Straight-forward problems that don’t require a special technique
Breadth First Search (BFS)
Brute Force and Backtracking
Optimal Pair Matching
Linear Programming (Simplex)
With many topcoder problems, the solutions may be found instantly just by reading their descriptions. This is possible thanks to a collection of common traits that problems with similar solutions often have. These traits serve as excellent hints for experienced problem solvers that are able to observe them. The main focus of this article is to teach the reader to be able to observe them too.
Straight-forward problems that don’t require any special technique (e.g. simulation, searching, sorting etc.)
In most cases, these problems will ask you to perform some step by step, straight-forward tasks. Their constraints are not high, and not too low. In most cases the first problems (the easiest ones) in topcoder Single Rounds Matches are of this kind.

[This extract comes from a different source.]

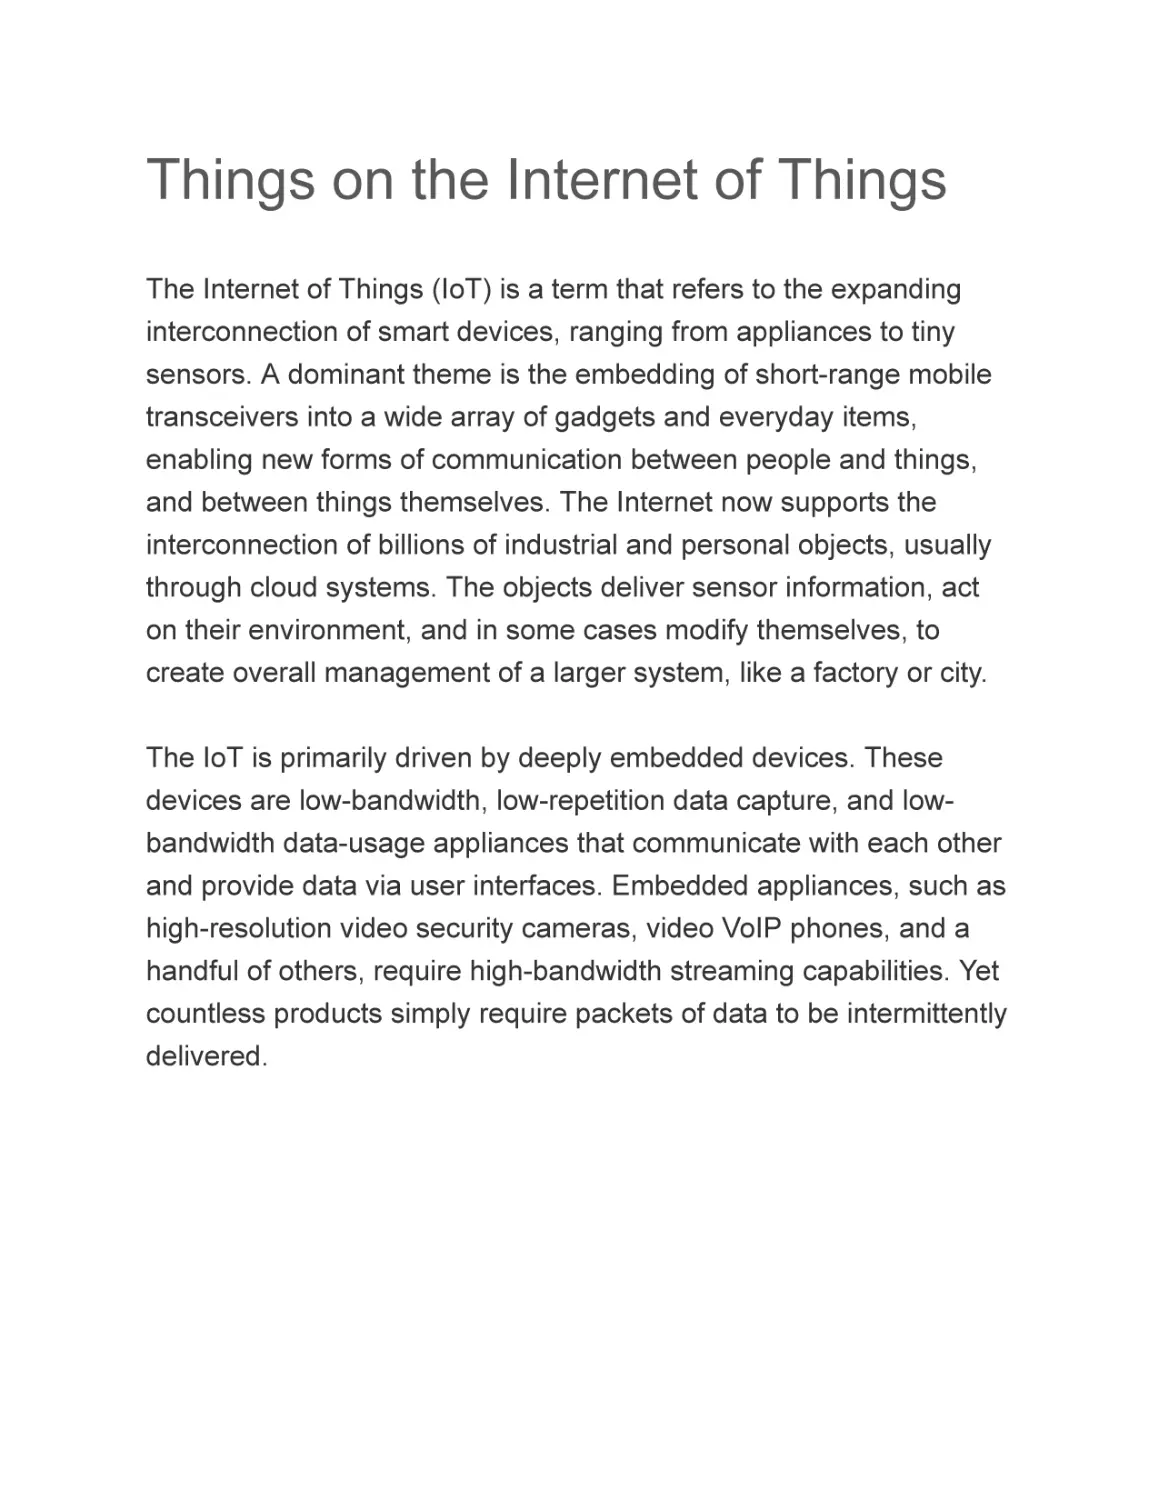 Things on the Internet of Things

They test mostly how fast and properly you code, and not necessarily your algorithmic skills.
Most simple problems of this type are those that ask you just to execute all steps described in the statement.
BusinessTasks – SRM 236 Div 1:
N tasks are written down in the form of a circular list, so the first task is adjacent to the last one. A number n is also given. Starting with the first task, move clockwise (from element 1 in the list to element 2 in the list and so on), counting from 1 to n. When your count reaches n, remove that task from the list and start counting from the next available task. Repeat this procedure until one task remains. Return it.
For N<=1000 this problem is just a matter of coding, no special algorithm is needed – do this operation step by step until one item is left. Usually these types of problems have a much smaller N, and so we’ll not consider cases where N is very big and for which complicated solution may be needed. Remember that in topcoder competitions even around 100 millions sets of simple operations (i.e. some multiplications, attributions or if statements) will run in allowed time.
This category of problems also includes those that need some simple searches.
TallPeople – SRM 208 Div 1:
A group of people stands before you arranged in rows and columns. Looking from above, they form an R by C rectangle of people. Your job is to return 2 specific heights – the first is computed by finding the shortest person in each row, and then finding the tallest person among them (the "tallest-of-the-shortest"); and the second is computed by finding the tallest person in each column, and then finding the shortest person among them (the "shortest-of-the-tallest").
As you see this is a really simple search problem. What you have to do is just to follow the steps described in the statement and find those 2 needed heights. Other TC problems may ask you to sort a collection of items by respecting certain given rules. These problems may be also included in this category, because they too are straight-forward – just sort the items respecting the rules! You can do that with a simple O(N^2) sorting algorithm, or use standard sorting algorithm that exist in your coding language. It’s just a matter of coding.
MedalTable – SRM 209 Div 1.
Breadth First Search (BFS)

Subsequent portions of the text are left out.